The Ethiopian government’s plan to improve football infrastructure in different parts of the country is getting locals offside
(The Economist) Broken windows; fraying nets; chairs with missing legs: the Yidnekachew Tessema Stadium in Addis Ababa has seen better days. Rehabilitated by Emperor Haile Selassie after his return from exile in 1941, it was once a proud monument to Ethiopia’s restored independence following five years of Italian occupation. In 1962 it hosted the African Cup of Nations (AFCON); the national football team—known as the ‘Walias’—won. But the Walias, like their stadium, have struggled since. In 2012 they ended a 31-year stretch in the wilderness by qualifying for AFCON; in 2013 they duly crashed out in the first round.

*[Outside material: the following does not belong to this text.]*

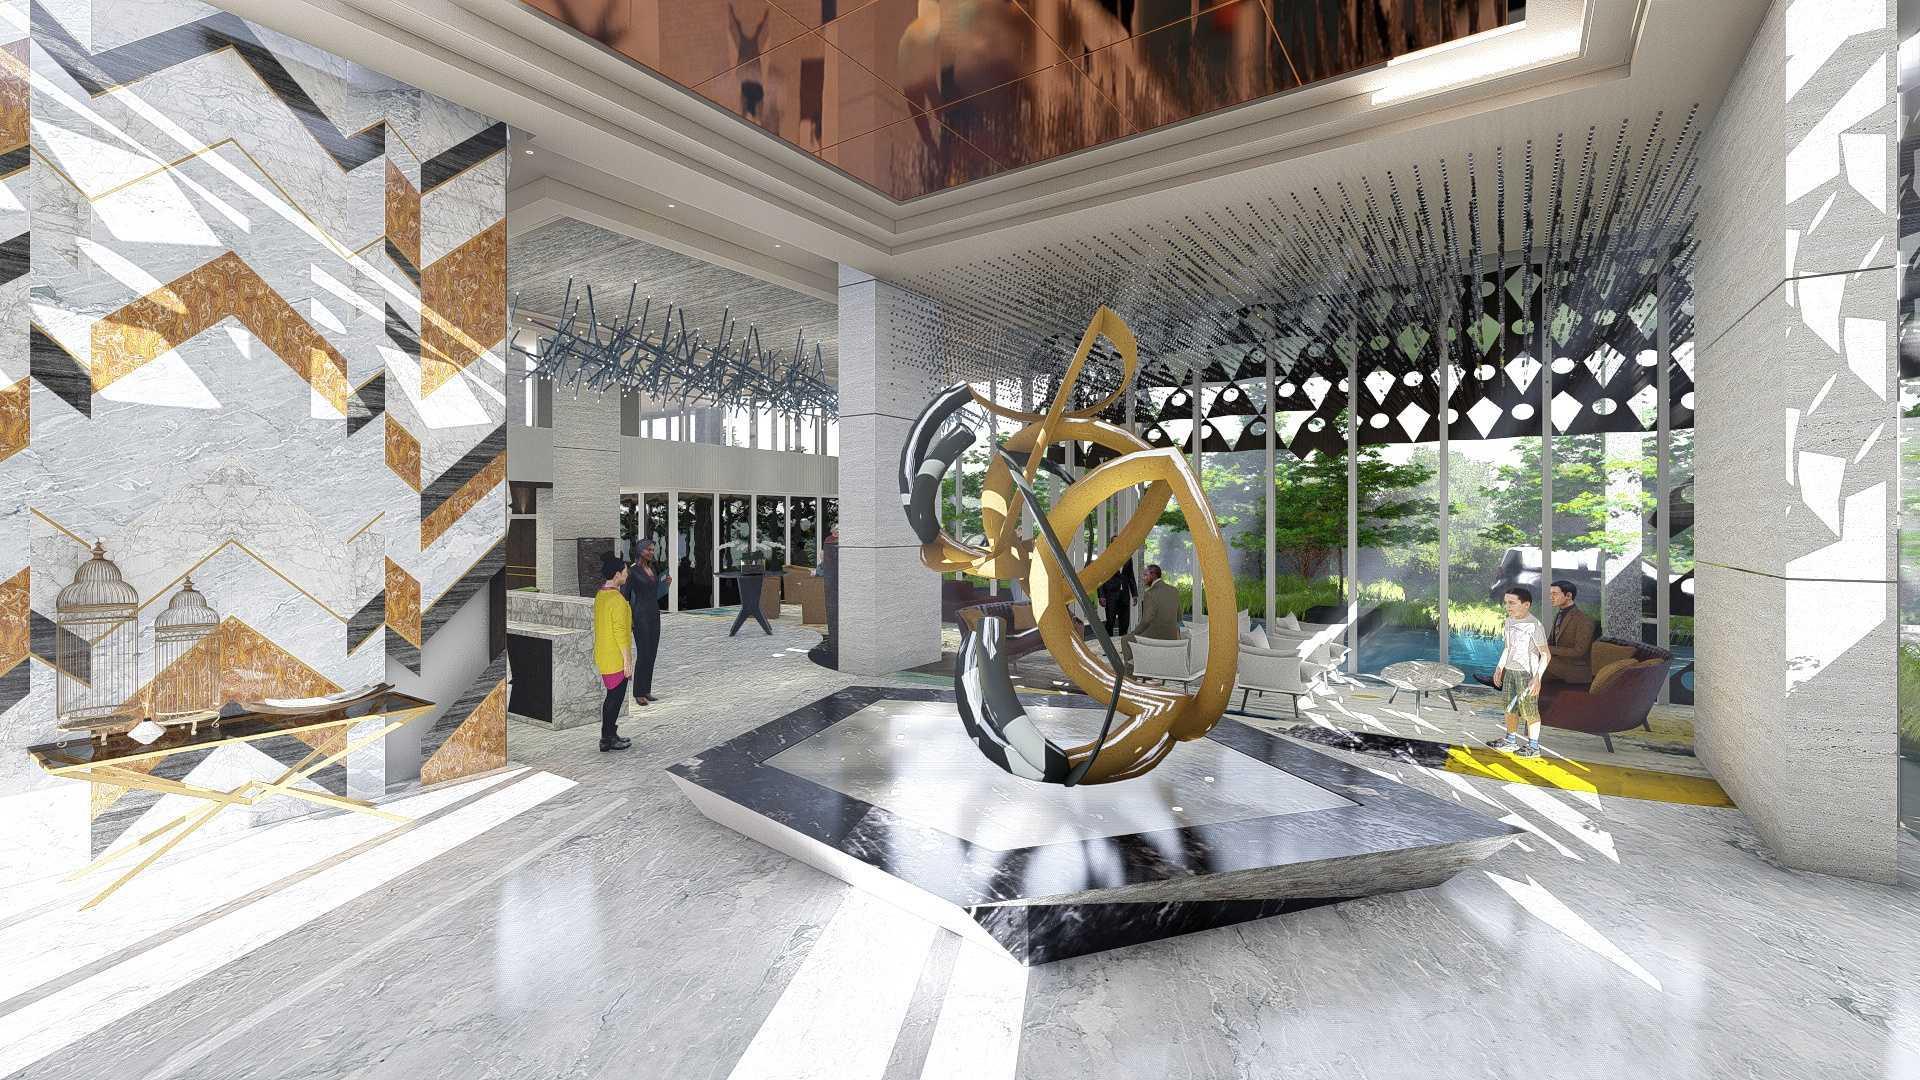 Samitrayasa Design Luxury Design Alternative 1 Jl. Kemang Raya, Bangka, Mampang Prpt., Kota Jakarta Selatan, Daerah Khusus Ibukota Jakarta, Indonesia  101   32645
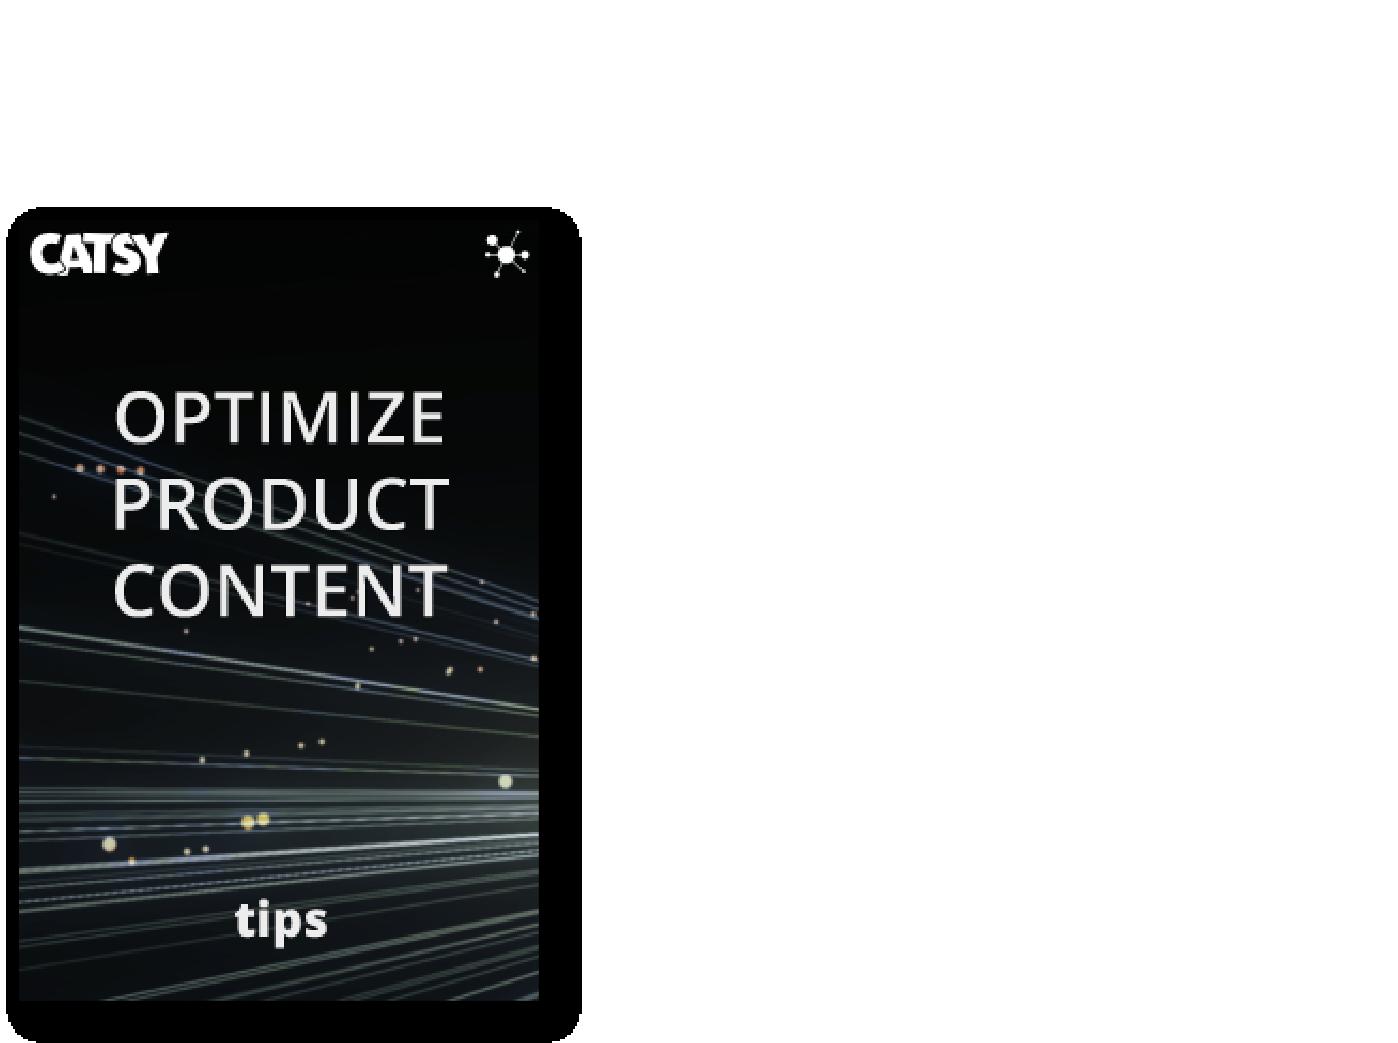 optimize product content

Enough is enough, says the government. Ethiopians are proud of their sporting heritage: the country’s long-distance runners are among the best in the world. “We were the founders of African football,” says Juneydi Basha, the president of the Ethiopian Football Federation. Addis Ababa hosts the African Union; the government wants it to host AFCON, too.
In every major town, new football stands are going up. The federal government, which is paying, says eight “world-class” stadiums—each with a capacity of at least 30,000—are being built. Six smaller ones are also under way in the capital.